Friday 18 January 2008

alice in the cities [d wenders]

1974 seems like a long time ago. We know that's where we are from the opening frames when Rudiger Vogler's bell bottoms hone into view beneath the boardwalk. His character, Phil Winter, dresses like an embodiment of a time which has become the territory of kitsch memorial. There are other hints of the way the world has changed: is that a woman smoking behind the protagonists on the Pan-Am flight from New York to Amsterdam? And the in-car phone used by the policeman on the ferry at the end, a slightly lugubrious plot device in such a free-wheeling film, looks curious and unlikely.

Phil Winter spends the first twenty minutes of the film drifting around the United States, taking photos. He's supposed to be writing an article, but the 'images' swallow him up, as he explains to his editor. In one of the few scenes of the film inveighed with any tension, he visits an old girlfriend in New York, looking for a bed for the night, and she throws him out, telling him he's only there to tell her his stories, and he's only doing this to prove to himself that they might be real, the same reason he's taken the photos. Edda Kochl's remarkable cameo as the 'friend' opens the door to another movie Wenders chose not to write, perhaps like the article that Winter's writing and of which we only catch a glimpse. The unwritten film would be the one in which the lead character's neurasthenia is explored and revealed. (There are hints in the film that Winter is an alter-ego for Wenders himself, not least when an announcement is made at Amsterdam airport for 'Mr Wenders' - and for a moment we in the audience think this must be for Mr Winter. Winter's name also seems like an obvious pun on a psychological state.)

However, Wenders chooses not to go down this route. Instead he explores the margins of Winter's condition. The film may be called Alice in the Cities, but it is really about Winter's sense of alienation and drift. (When he goes to see a Chuck Berry concert, the song Wenders' chooses to use is - Driving along in my automobile/ No particular place to go...) Alice in some ways offers the loner a sense of selfhood which nothing else in the vastness of America or Europe has done. Much as he might complain about being stuck with her, and although he says, on occasion, exasperated, do you not think I've got better things to do? - It's clear that he doesn't. In a mutable world, Phil needs something to hang on to, and Alice offers him a hook.

In this sense then, perhaps, 1974 is not quite as distant as the bell-bottoms would suggest. Part of the success and cachet of Alice in the Cities may well have been, at the time, the modernity it embodied, the way in which it suggested the path the future would follow. The film opens with a shot of a plane, going we know not where. The shot pans down to reveal Winter on the beach, taking polaroids. The film ends with a sweeping helicopter shot, panning from Phil and Alice up over the Rhine (strangely reminiscent of the closing shot of Into the Wild). Since the film was made, we have entered the era of globalisation, expanding migration, ever-increasing rootlessness. The solid houses of the Ruhrgebeit, an old man informs Phil, are being demolished. In their place will be built flats and smaller houses (the like of which my parents' once lived in in Essen).

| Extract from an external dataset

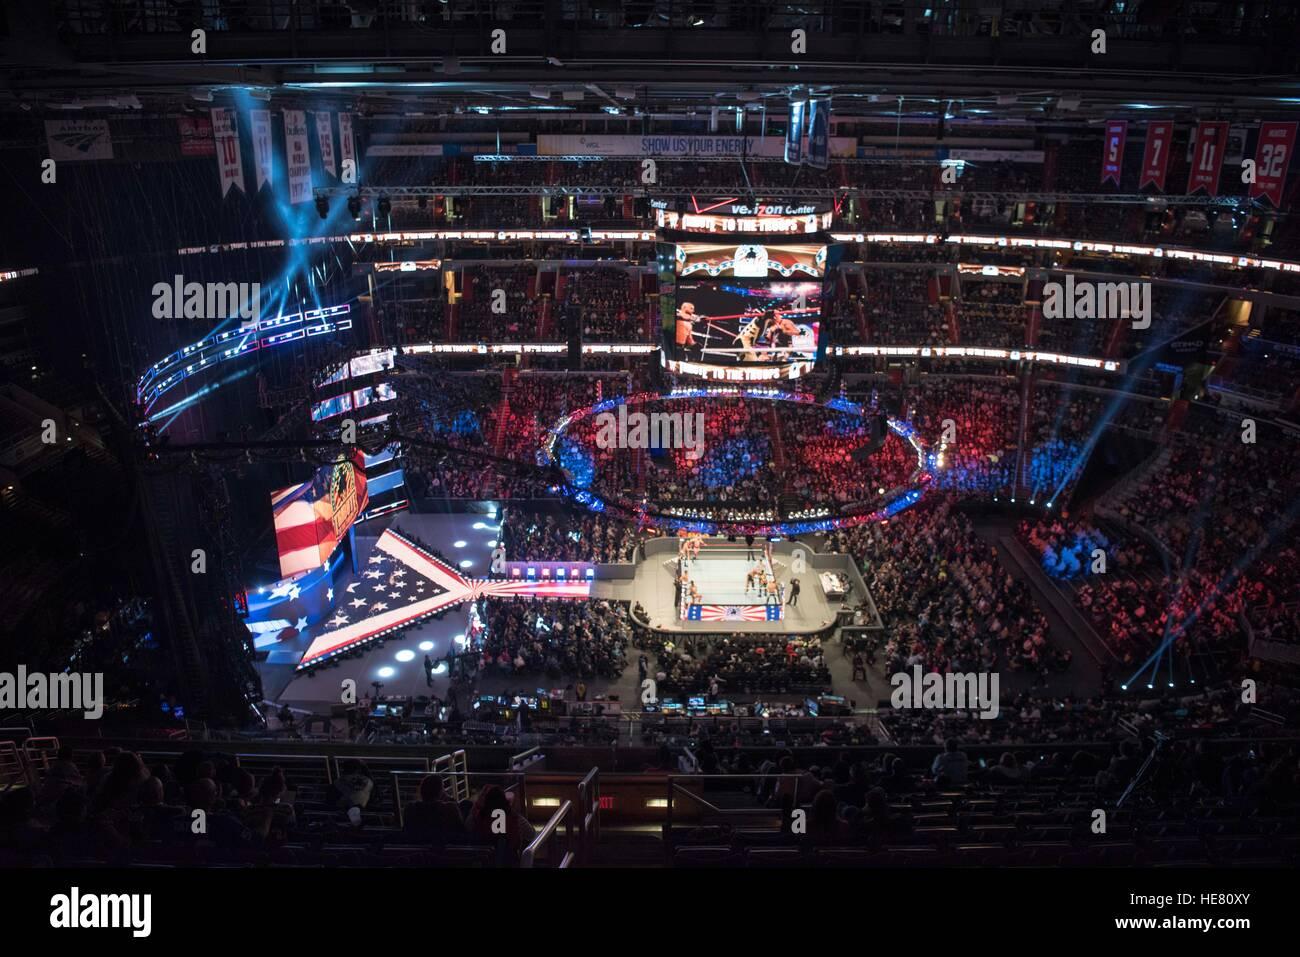 Vista aerea del Verizon Center stadium impostato con una corte centrale anello di wrestling per la XIV tributo annuale Immagini Stock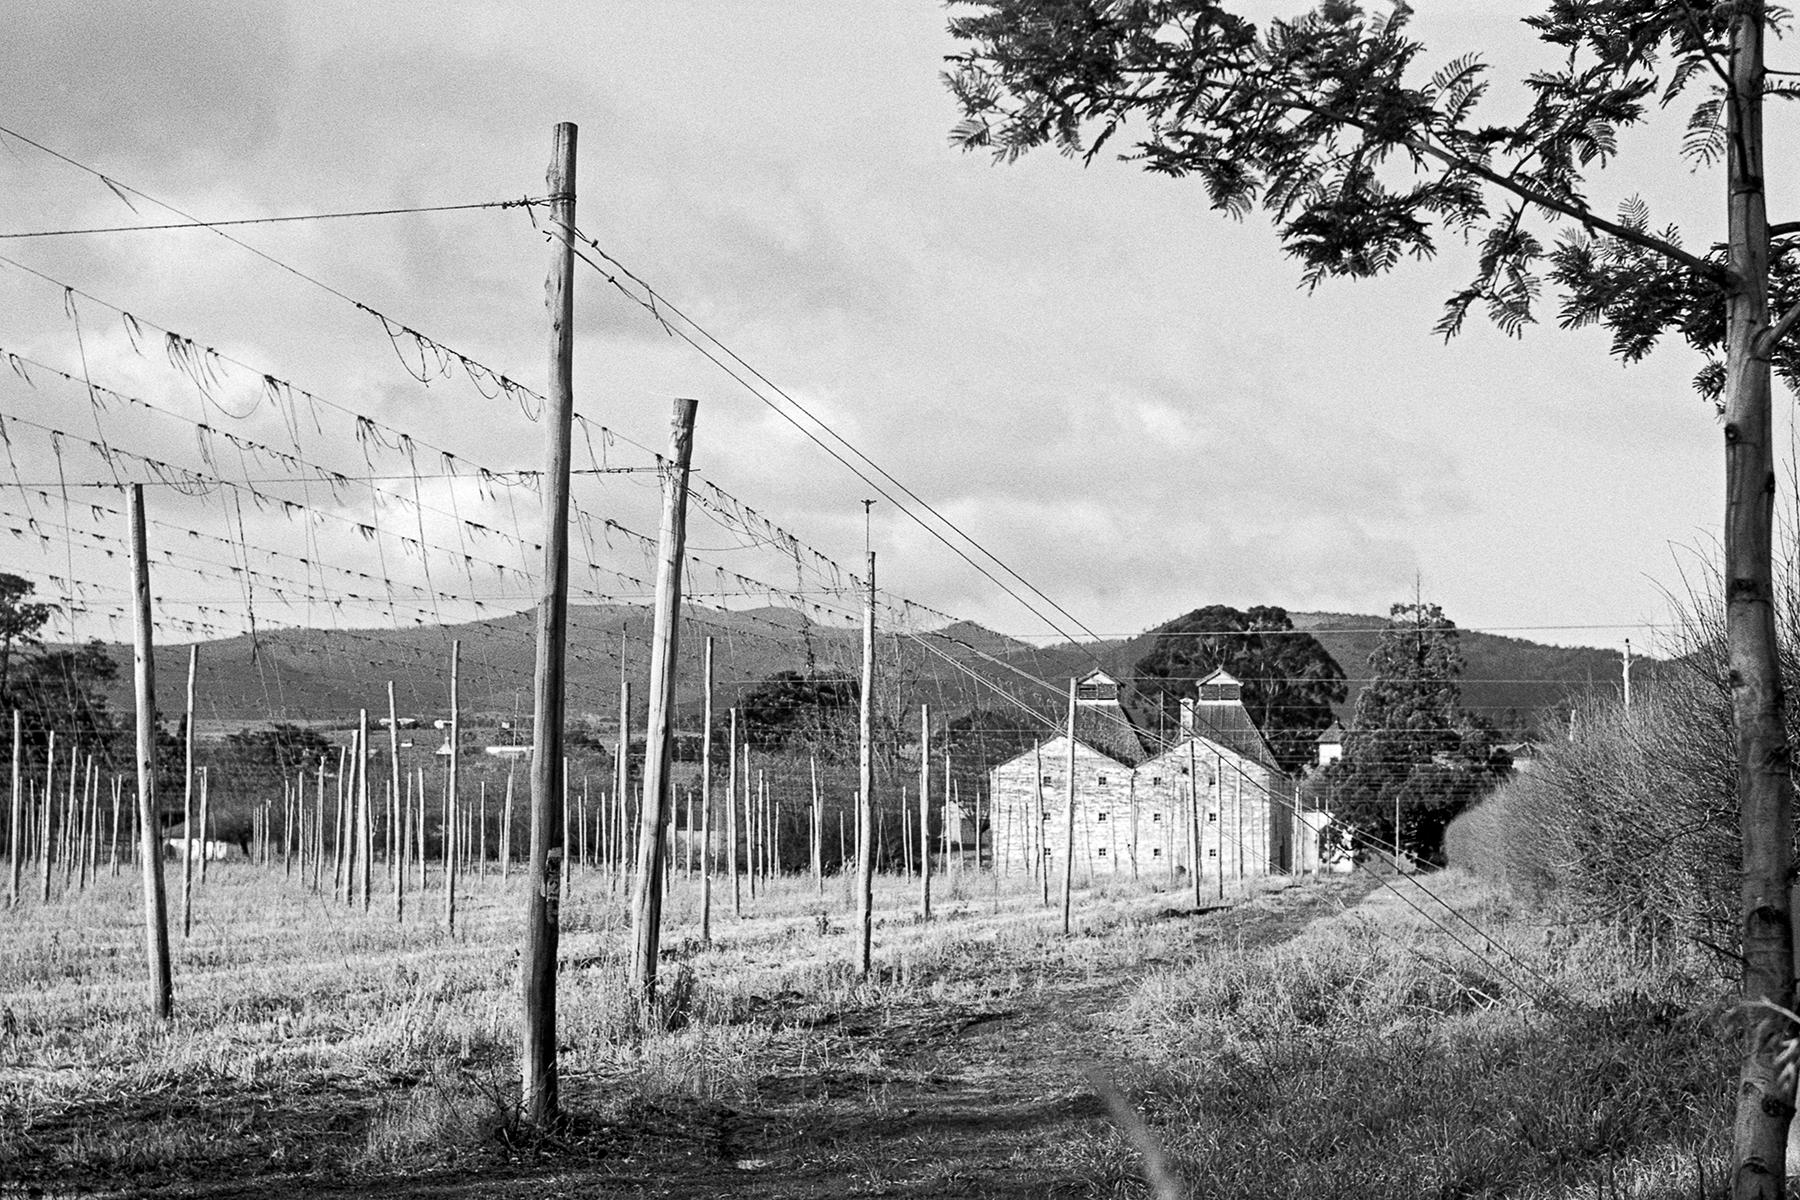 Hops Field Tasmania | KW Praktina FX | Carl Zeiss Jena 58mm f2 Biotar | Fujifilm Neopan Acros 100, developed in Ilford ID-11 1+3 | Brett Rogers

Which finally leads us to Alice, who is nine when the film takes place, and would be in her early forties now. In constructing the film's narrative, Wenders decided that Phil needed a foil to his blankness, someone to offer shape to a character he was reluctant to excavate beyond the image. (For the first twenty minutes of the film, the character of Phil barely speaks, mainly reading signs in his pidgeon English. We never learn about Winter's past or why he ended up in America or even what kind of articles the journalist usually writes). Besides the effectiveness of having a charismatic child character fronting his film, the beauty of playing Alice against Phil is that it means Phil never has to explain anything. Rather than exploring the character from the inside, we slowly piece his personality together from the outside. This is shown through the way he interacts with his companion, sometimes affectionate, sometimes irritable, always learning more about himself in the process. And the reason he feels so at home with Alice, the child, is that she has so much in common with him. She too enjoys drifting, feels herself to be rootless, has no particular sense of place. As comfortable in New York as Oberhausen, Alice possesses an aura of world weary modernity, which is as pertinent now as it must have seemed then. She's nine years old and she's already seen it all.

Alice in the Cities is a picaresque movie, of detail and incident. The only thing I could remember from my previous viewing of it, two decades ago, was the modernistic Wuppertal transport system. It is neither gripping nor taught. It's a movie with no particular place to go. Which engenders the paradox that it goes all over the place, going nowhere. When we leave Alice and Phil on the train to Munich, it seems unlikely that this will actually prove to be their final destination. Who knows where they eventually ended up.

1 comment:

timplester.com said...

seeing as how this was filmed
in 1974, i found there to be a surprising lack of wigs on display.